PROBLEM STATEMENT: Your output should be the complete listing, word for word, with no pictures in it.

THE DATA:

--- --- ---

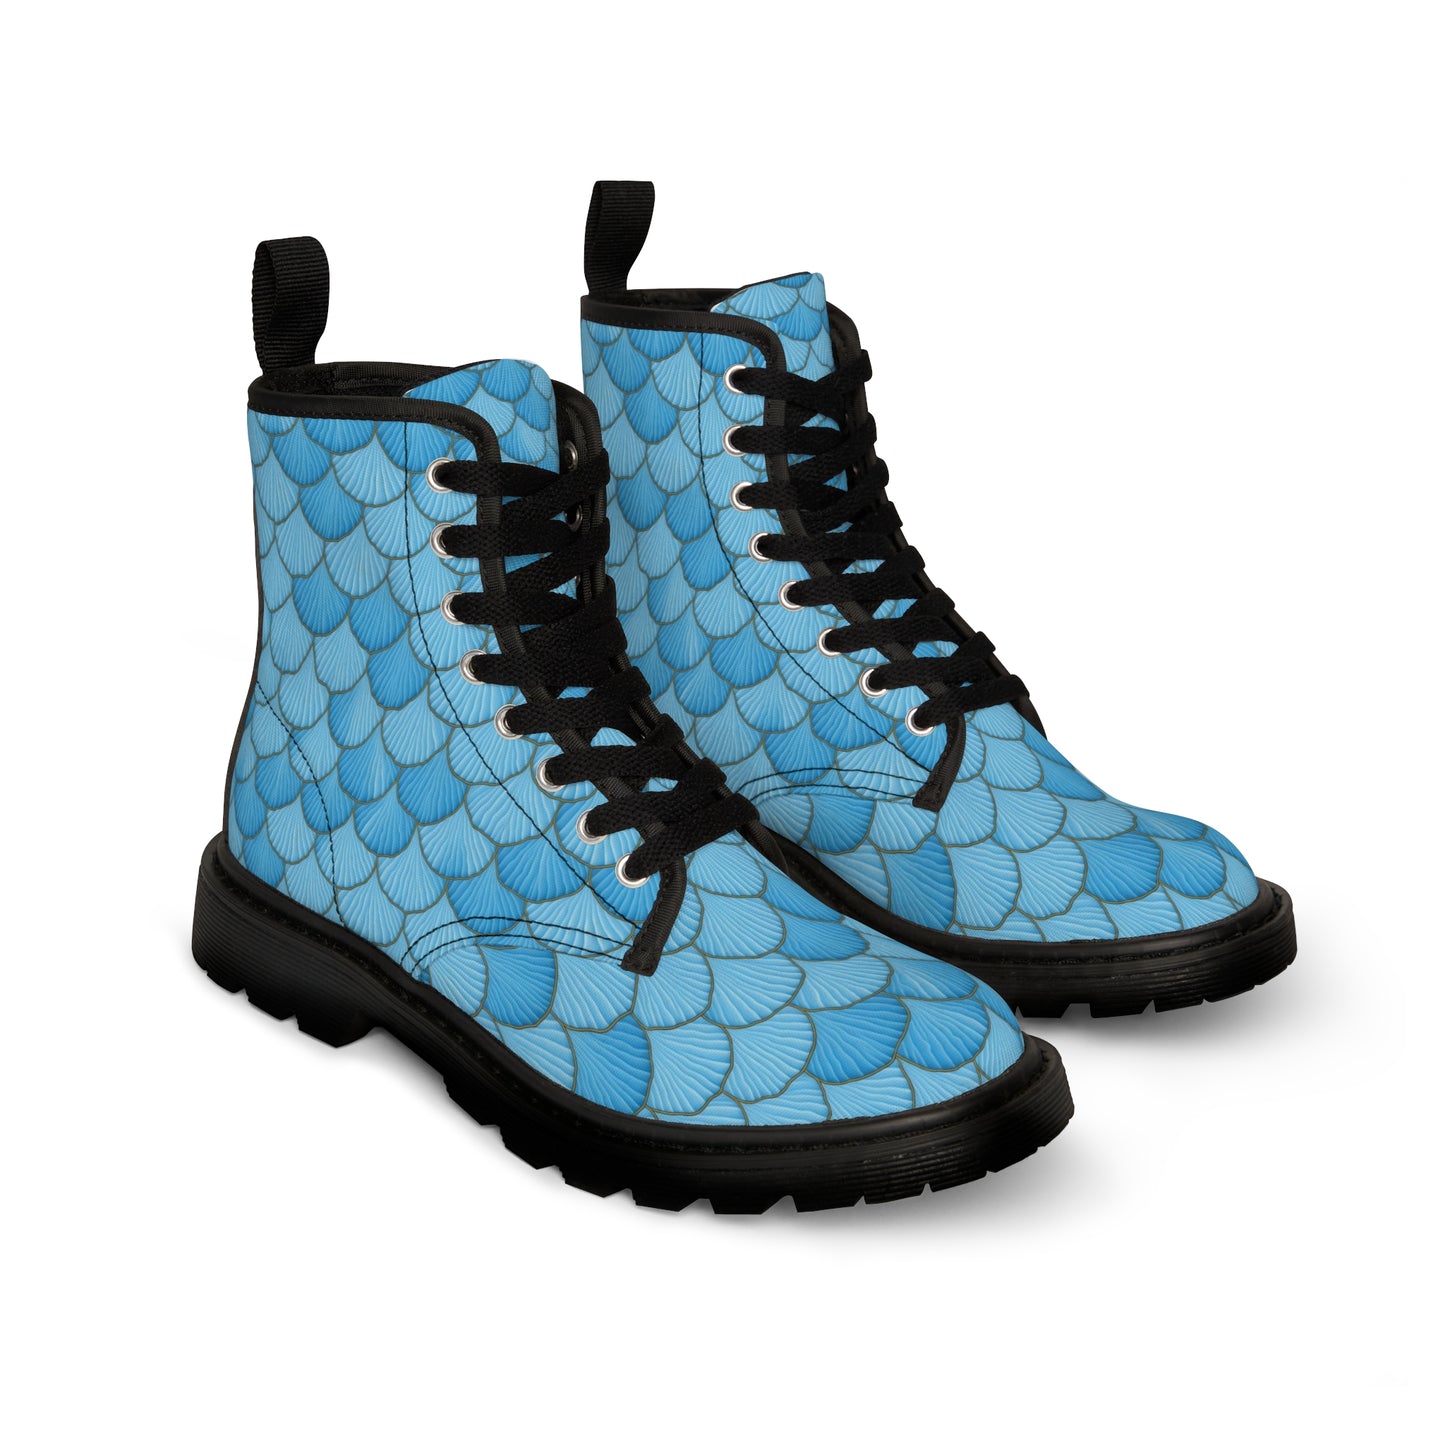 Make Waves with These Enchanting Seashell Mermaid-Print Canvas Boots for Women! Seashell Ocean Shoes/Boots
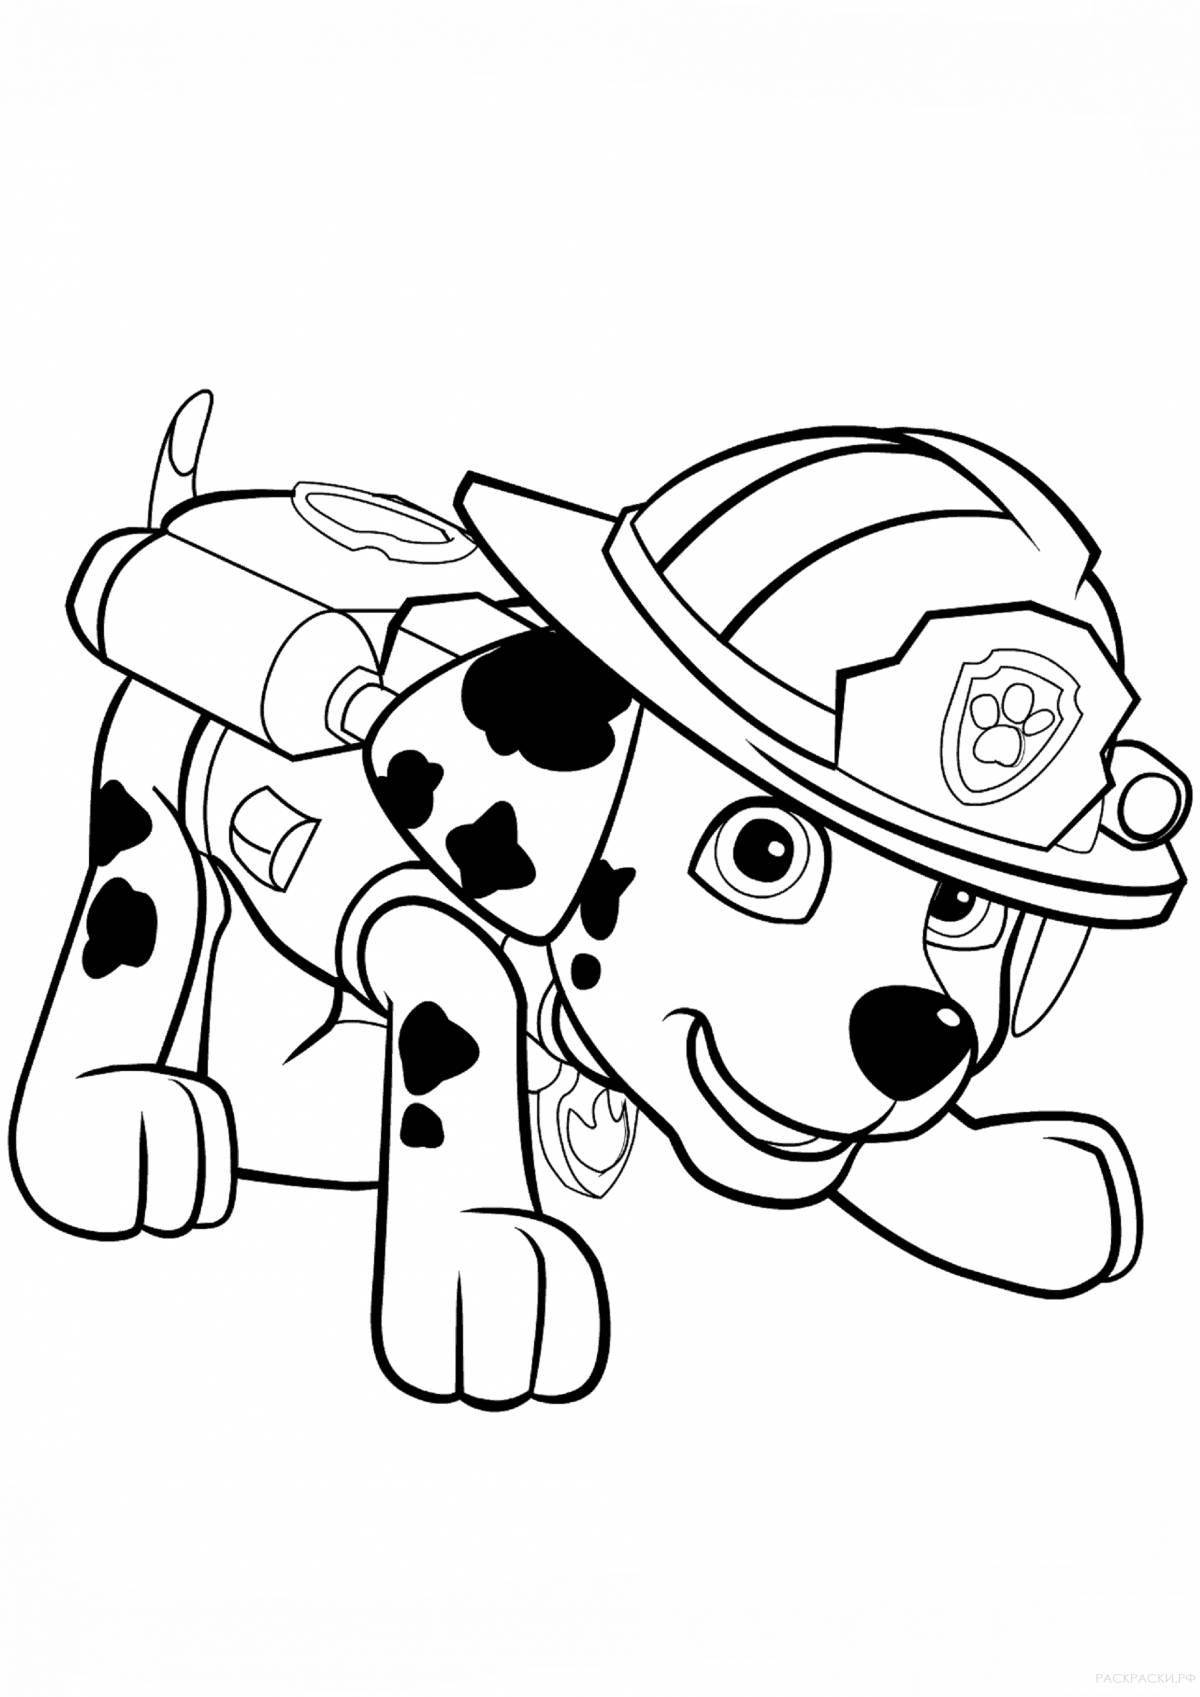 Funny marshal coloring book for kids
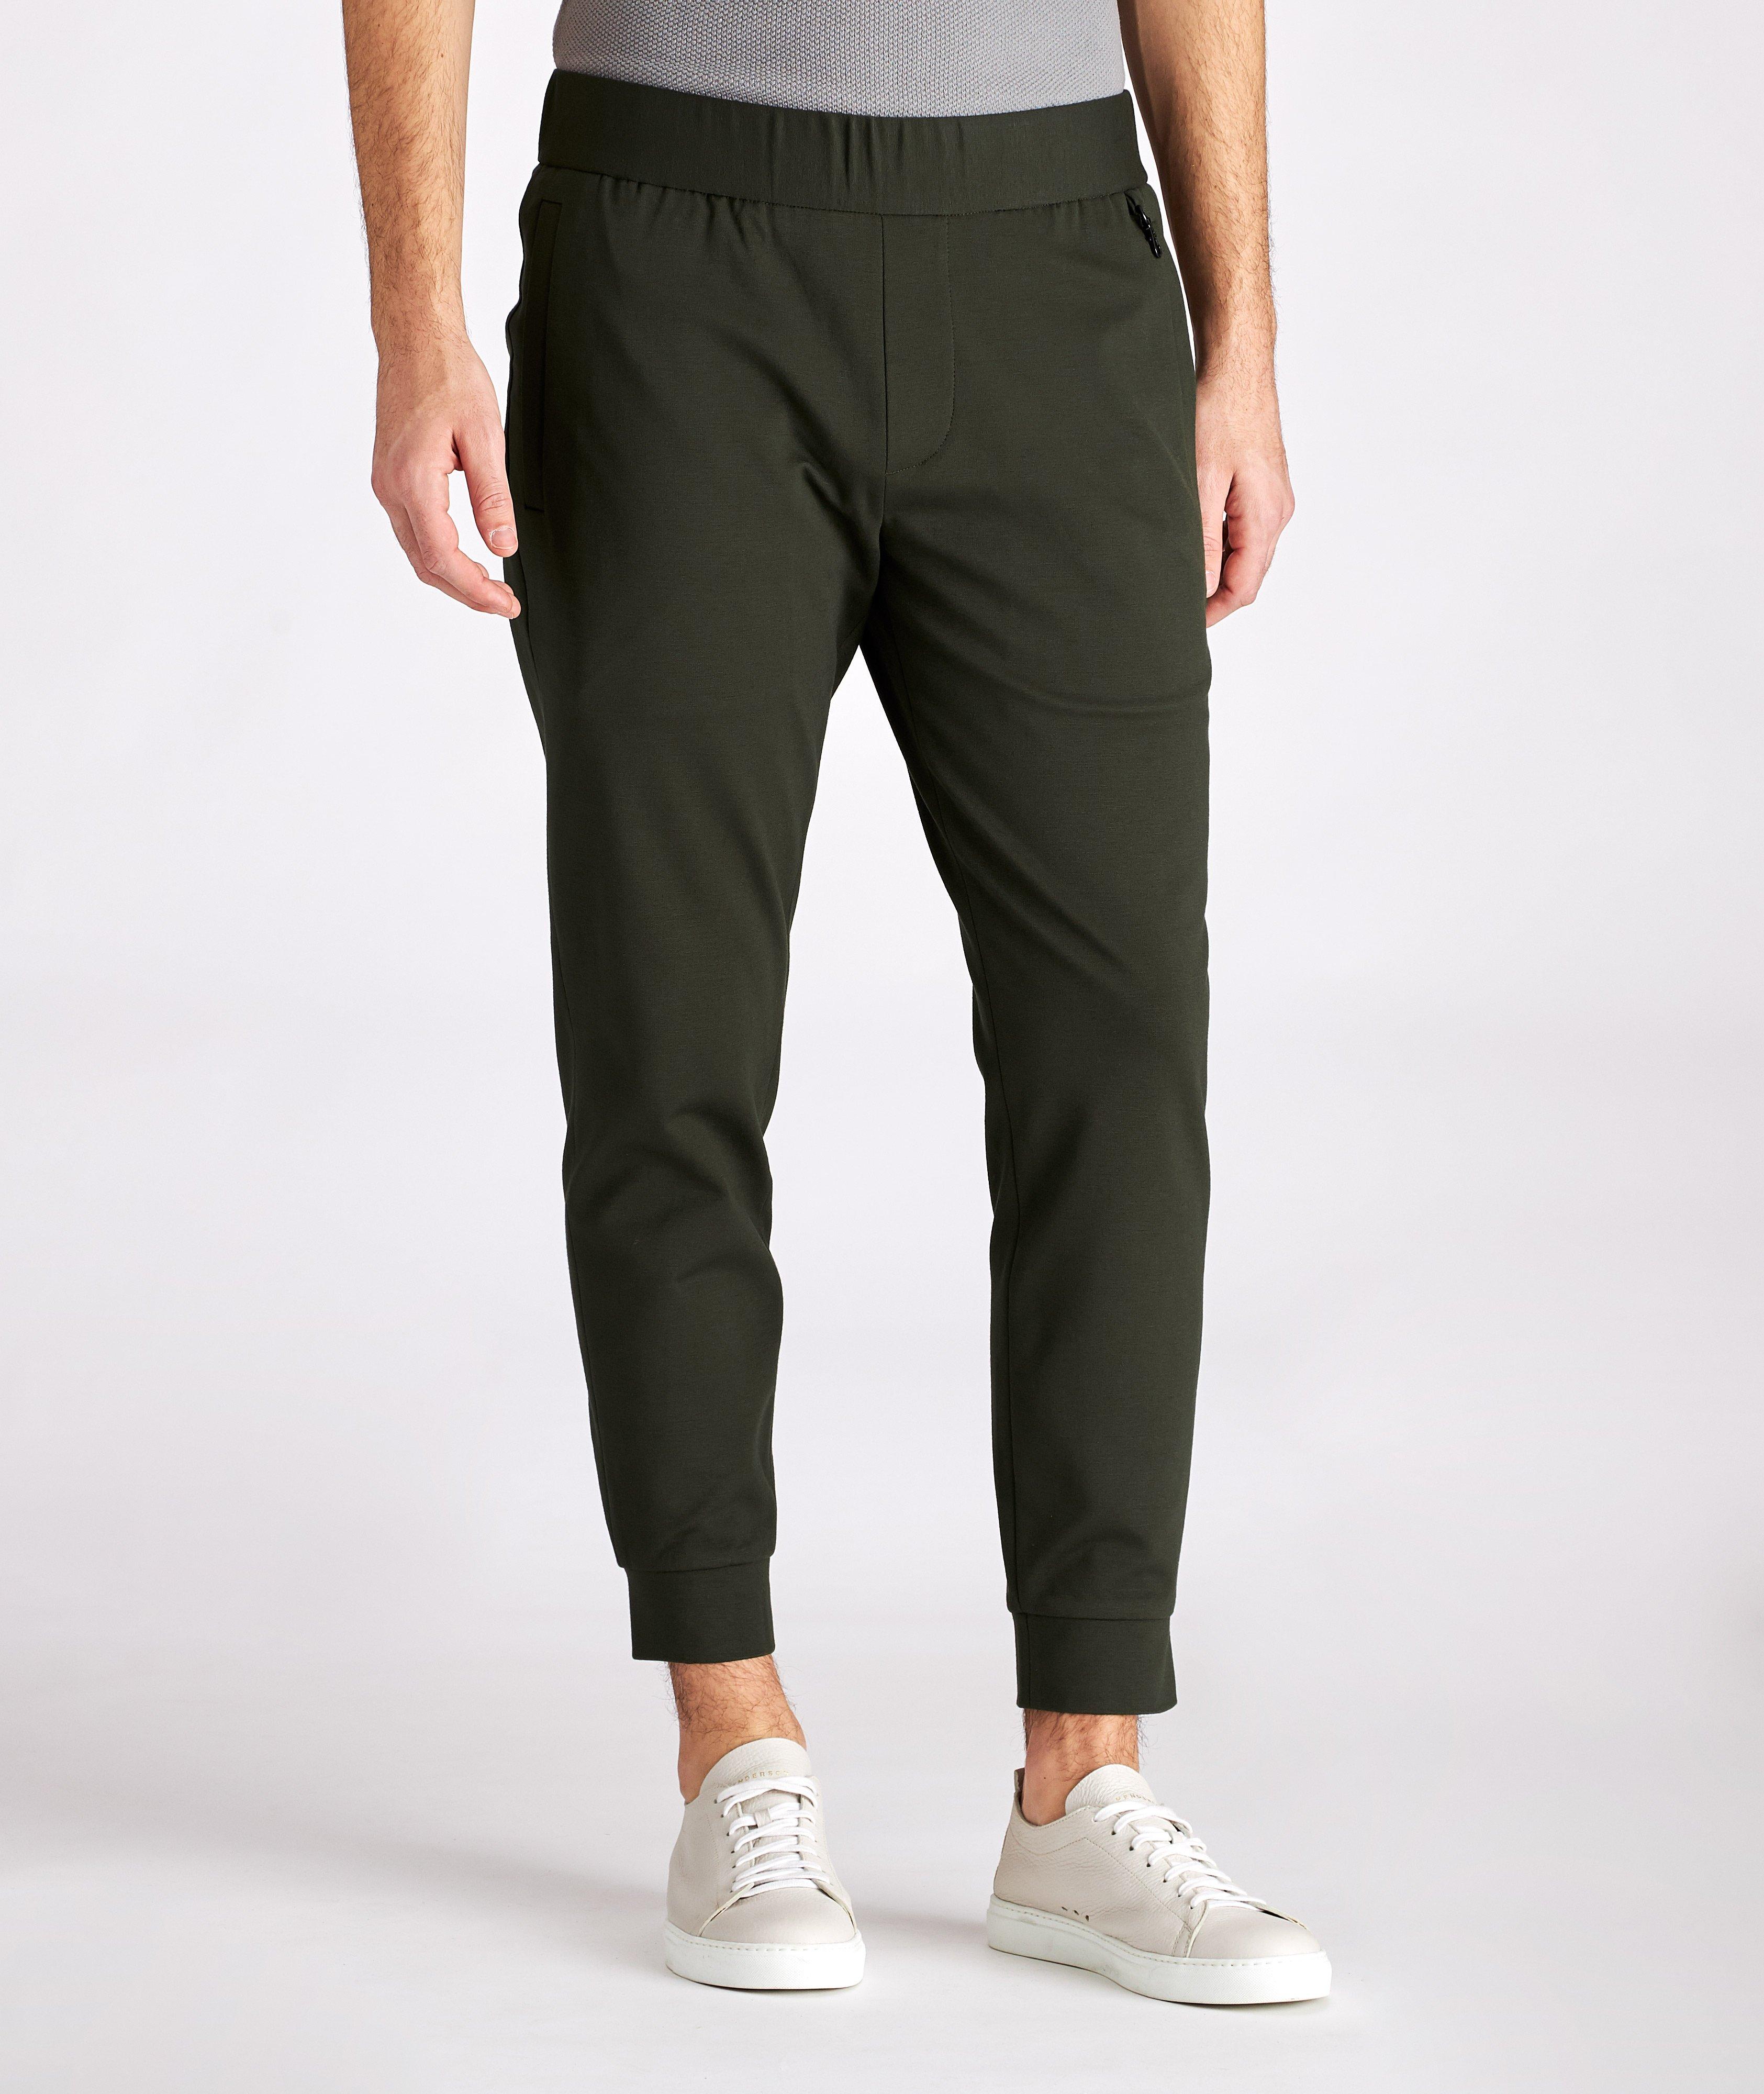 Travel Essential Jersey Joggers image 0

--- --- ---

ANSWER TO THIS PROBLEM:
 Make Waves with These Enchanting Seashell Mermaid-Print Canvas Boots for Women! Seashell Ocean Shoes/Boots
 Funny marshal coloring book for kids
 Travel Essential Jersey Joggers image 0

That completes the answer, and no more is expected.